There's the issue right there, gsmarena links the usa/international/krait edition, not the indian edition, not straight away.

No issues with chrome and tdf.


----------



## SaiyanGoku (Apr 14, 2014)

whatthefrak said:


> Yeah, that's why I keep thinking about selling the bloody S4
> 
> [MENTION=20614]Faun[/MENTION] : What's golden there? No OIS, no LTE (WTF!), no FM (WTF again!)....you go to a BMW showroom to buy one, and after buying it you see that it doesn't give 20 kmpl, and there starts the complaining! It takes 2 seconds to open GSMArena, another 2 seconds to type or click the S5 page, and there are SPECIFICATIONS. Everything is written there, EVERYTHING. Even an idiot shouldn't take more than two minutes to read it. If one doesn't spend 2-3 minutes before buying some darn thing, then I am happy that they wasted 51k. They should frak off to be honest
> 
> ...



most people buying over priced phones don't even know about GSMarena  

no problems in chrome

- - - Updated - - -

Why we think Samsung Galaxy S5 is way overpriced: An overview

Indian version of Galaxy S5 slower than global version? Here is answer - The Times of India


----------



## anirbandd (Apr 15, 2014)

at this price point its better to get the iPhone. 

and its coming from me.


----------



## mituarora (Apr 24, 2014)

Yes It's better then Iphone


----------



## $hadow (Apr 24, 2014)

mituarora said:


> Yes It's better then Iphone



And you managed to revive a dying thread


----------



## gopi_vbboy (Apr 24, 2014)

Thers not even on certified buyer review on FK

Does it mean very few purchased on FK?




*www.flipkart.com/samsung-galaxy-s5...rtified&otracker=pp_reviews_filters_certified


----------



## harshilsharma63 (Apr 25, 2014)

banks should introduce a especial "mobile loan".


----------



## tkin (Apr 25, 2014)

harshilsharma63 said:


> banks should introduce a especial "mobile loan".

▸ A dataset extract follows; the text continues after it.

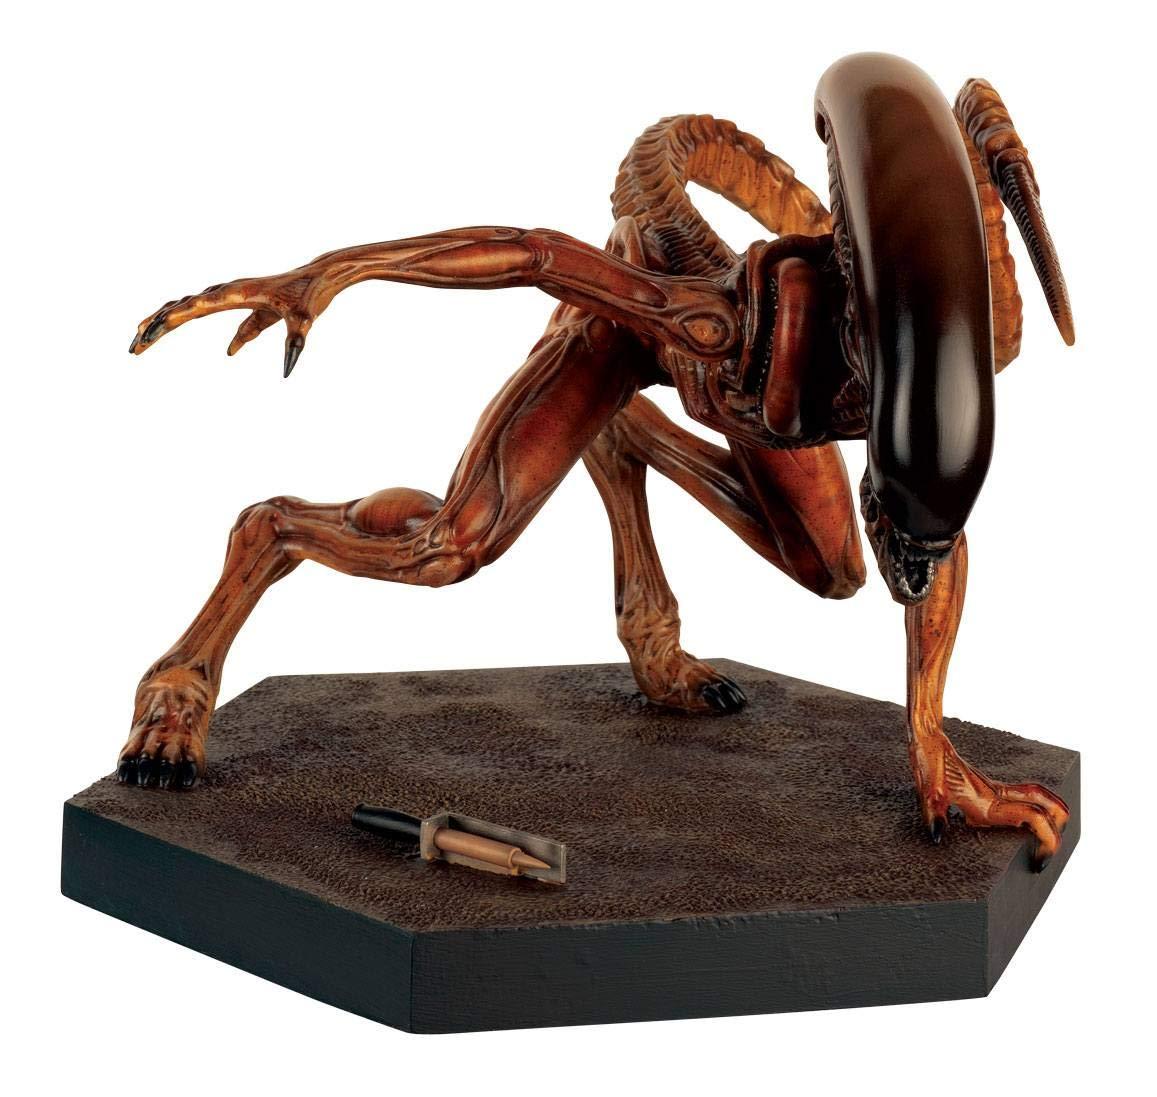 Diamond Mega Runner Xenomorph Fig 19 cm Alien & Protator Figurine Collection  10 Aliens 3 Farbe (DIAAL182528

HDFC has one, durable loan or something.


----------



## kkn13 (Apr 25, 2014)

samsung galaxy s5 smartphone- if u dont buy it you are smart 
G2 is tonnes of times better than s5!!

- - - Updated - - -



tkin said:


> HDFC has one, durable loan or something.



yeah at 1% interest or something i heard, dunno if its true


----------



## amjath (Apr 25, 2014)

Not a fanboy here not gonna get paid for saying this too.
Few honest reviews and user experience agrees that except for same old design and fingerprint scanner everything else is top notch.


----------



## ratul (Apr 25, 2014)

amjath said:


> Not a fanboy here not gonna get paid for saying this too.
> Few honest reviews and user experience agrees that *except for same old design and fingerprint scanner everything else is top notch.*



really? you forgot touchwiz? even with snapdragon 801, it lags behind my 30k nexus 5:


and heart beat sensor, really? download an app called Instant heartbeat monitor from play store and it works perfectly on any android phone with flash.. 
S5 is just overpriced piece of S#!t with lots of gimmicks stolen from here and there, priced competing Iphone..


----------



## amjath (Apr 25, 2014)

ratul said:


> really? you forgot touchwiz? even with snapdragon 801, it lags behind my 30k nexus 5:
> 
> and heart beat sensor, really? download an app called Instant heartbeat monitor from play store and it works perfectly on any android phone with flash..
> S5 is just overpriced piece of S#!t with lots of gimmicks stolen from here and there, priced competing Iphone..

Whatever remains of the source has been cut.